__REQUIRED WORK__
Would you write out the full listing exactly, without any pictures?

__DATASET SECTION__
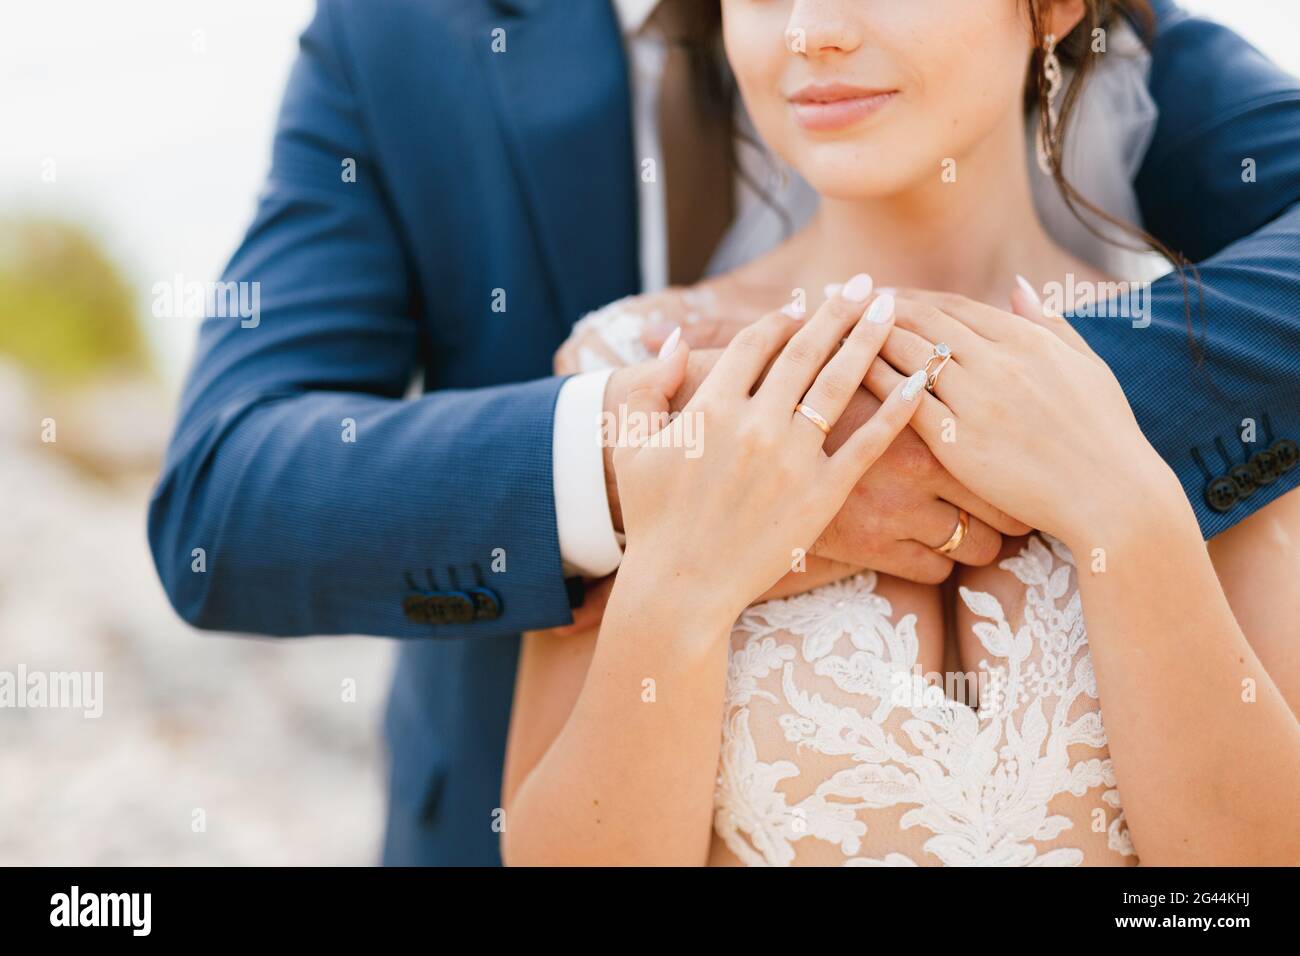 The groom gently hugs the bride by the shoulders, the bride put her hands on the groom's arms, close-up Stock Photo
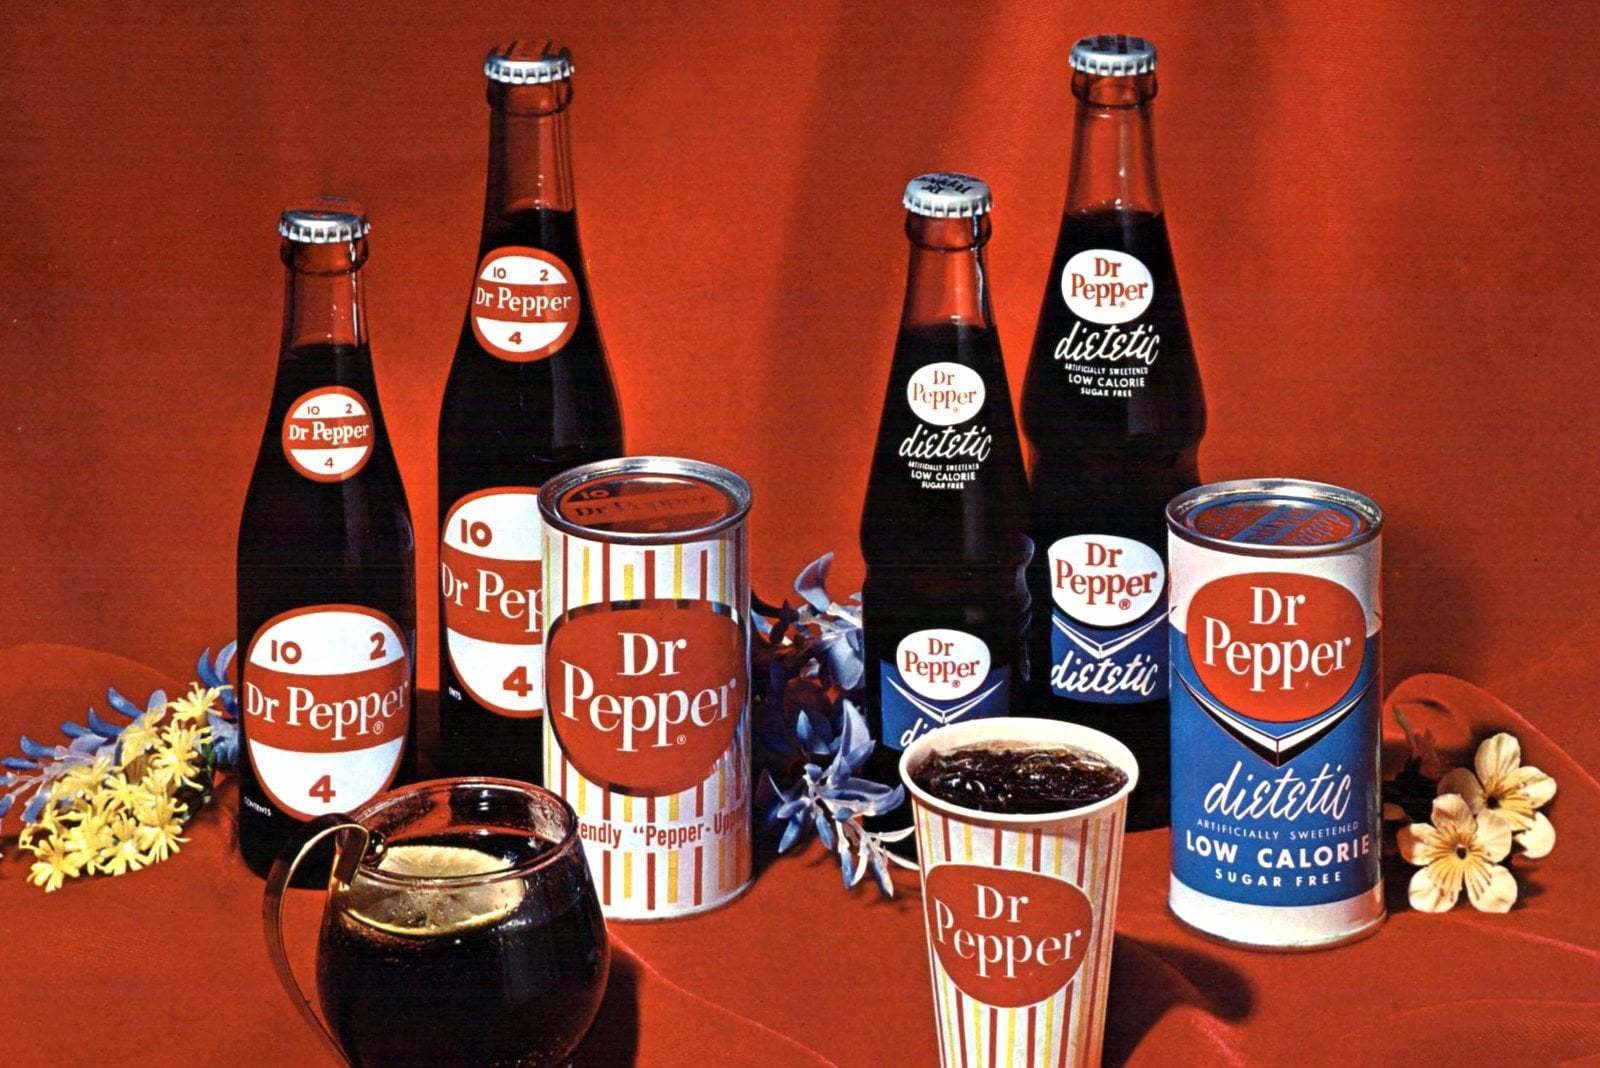 What Was Removed From Dr Pepper In The 1950s?
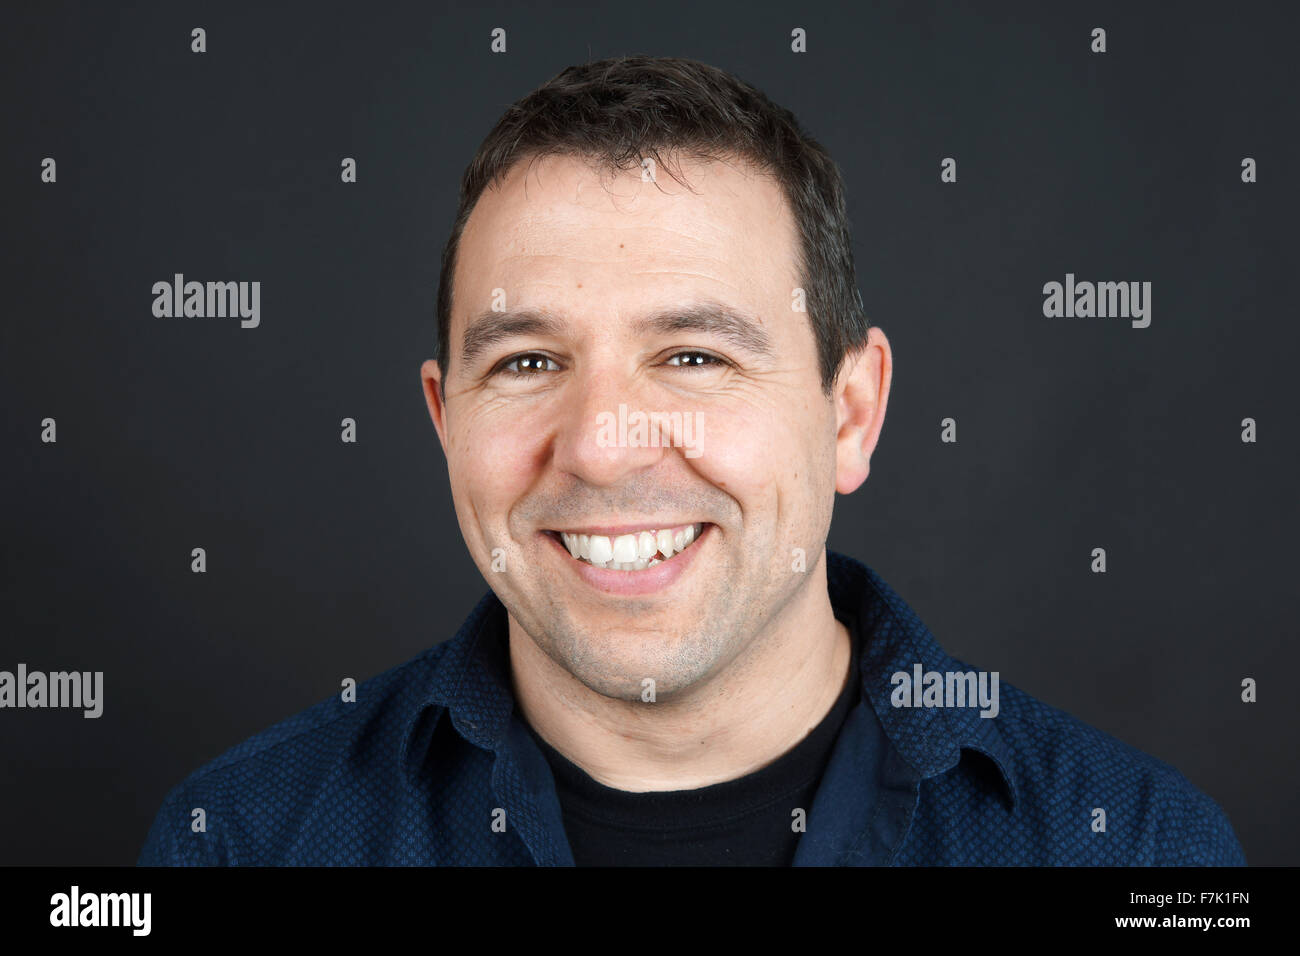 Candid portrait of friendly smiling man, natural concept Stock Photo

__SOLUTION TO THIS PROBLEM__
 The groom gently hugs the bride by the shoulders, the bride put her hands on the groom's arms, close-up Stock Photo
 What Was Removed From Dr Pepper In The 1950s?
 Candid portrait of friendly smiling man, natural concept Stock Photo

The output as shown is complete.